JP Morgan has also launched a program called COiN (short for Contract Intelligence). The system reduces the time to review documents and has also proven to limit human error that occurs in loan servicing. Prior to the implementation of COiN, JP Morgan would review 12,000 commercial credit agreements taking nearly 360,000 hours. When dealing with large amounts of documents, mistakes could often arise; but now, thanks to their machine learning system, this task can be completed with a higher performance rate and in a matter of seconds.
AI has shown tremendous potential to increase process optimization. Banks are already seeing successful outcomes, moving their employees’ time from small insignificant tasks to more valuable opportunities, essentially bringing more critical thinking into banking businesses. Not to mention, a more engaged and motivated workforce.
Compliance and Risk Management
Keeping up with the challenging environment of banking compliance and risk management is not only time consuming but also costly. And with the average bank spending $120 million annually on compliance and customer onboarding procedures, as well as tackling the increased frequency and complexity of cyber-attacks, there is enormous potential for AI technologies to support this area.

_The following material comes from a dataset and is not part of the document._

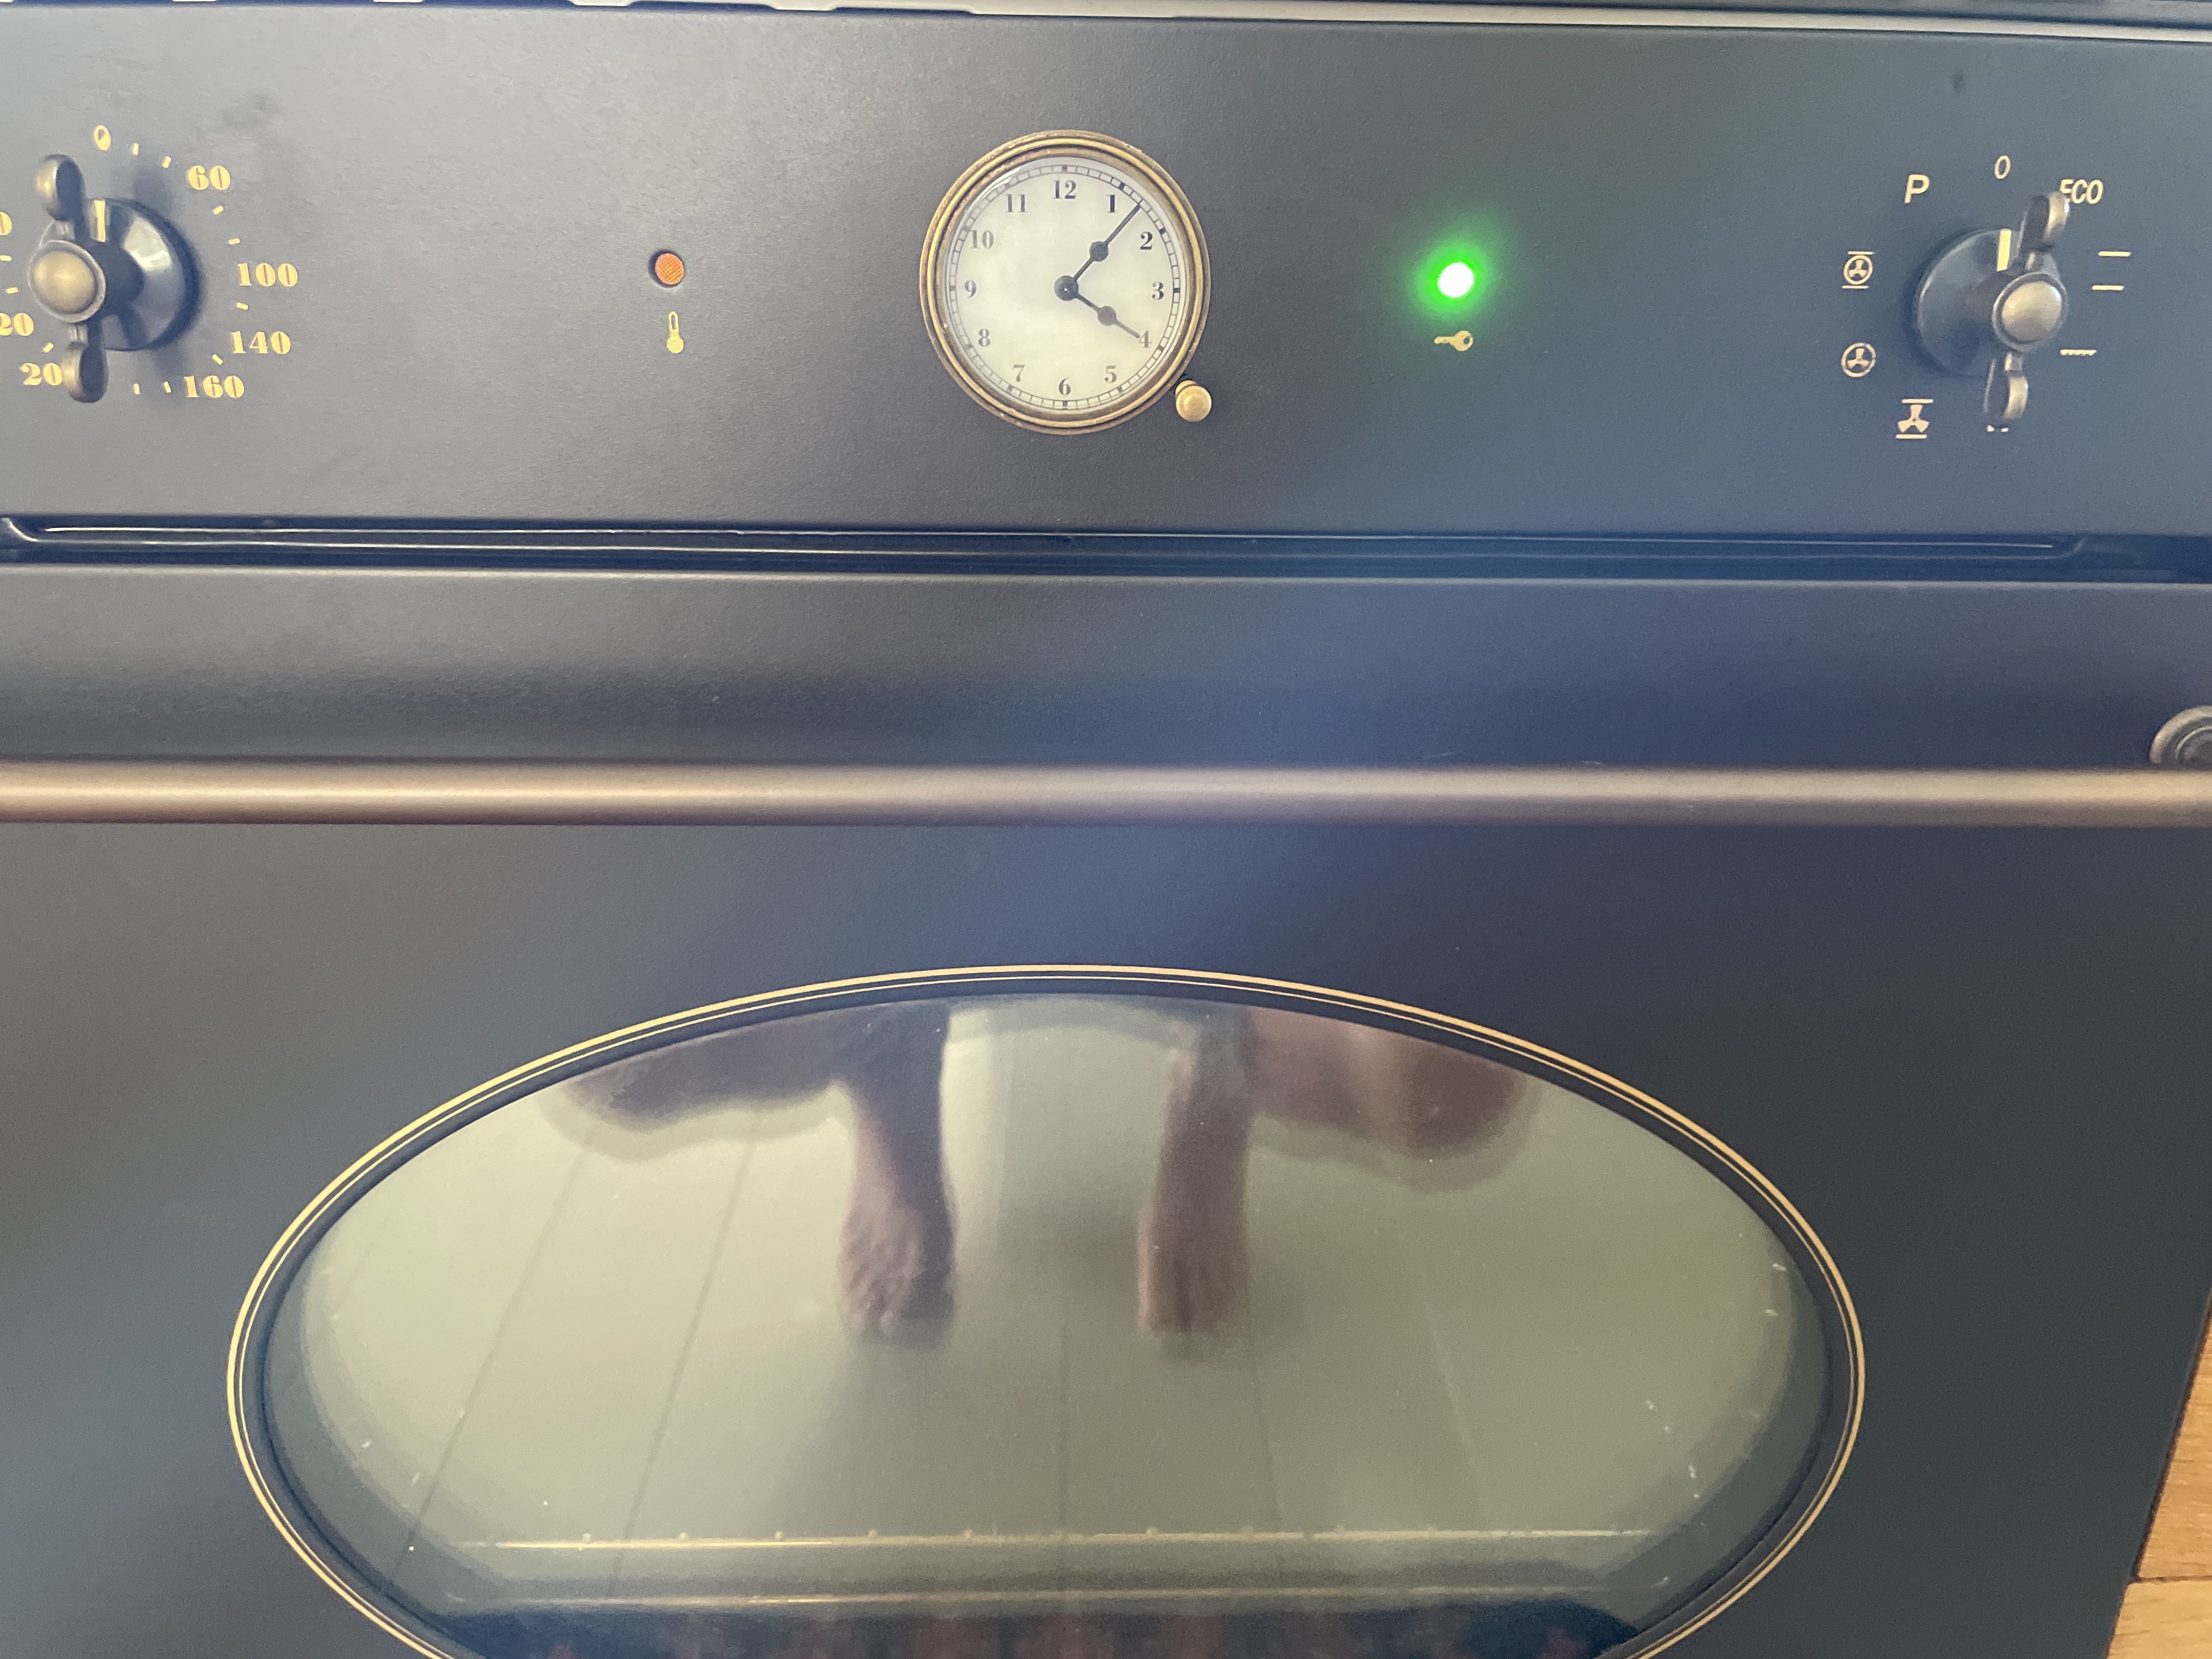 Hello
On my Smeg built-in oven SFP805AO, the light with the key symbol lights up constantly green, ...

Banks need to respond to large amounts of unstructured data that emerge from difficult regulatory demands. AI has proven particularly effective in dealing with this data in daily tasks such as automating legal, compliance and risk documentation, as well as analyzing data sets that train machine learning algorithms to track credit card fraud or money laundering. A lot of these tasks involve excessive manual work; by moving them to an AI-powered system instead, banks can free up employees to deal with more complex decisions.
Global financial group, Citibank, partnered with data science company, Feedzai, leaders in the market for real-time risk management in banking, to implement a transaction monitoring platform. Powered by machine learning technology, the system adjusts automatically to monitor discrepancies and changes in payment behaviors, thus enabling banks to manage risk and keep their customers safe from fraudsters.
Compliance and risk management has always been an important focus area for banking, and thanks to AI, there have been game changing developments. As AI continues to make considerable inroads in these areas, banks will be able to focus on more analytics, rather than spending their time avoiding risk or dealing with increased compliance regulations.
Beyond the hype, AI is showing clear development with ample use cases and substantial return. And as banks continue to fight for customer loyalty, having the right technical solutions on the backend will be key to sustaining a competitive advantage. With AI use cases starting to appear from leading banks, others soon will follow suit. Over the next few years, we can expect to see further widespread adoption of AI in banking, and from not just the bigger players.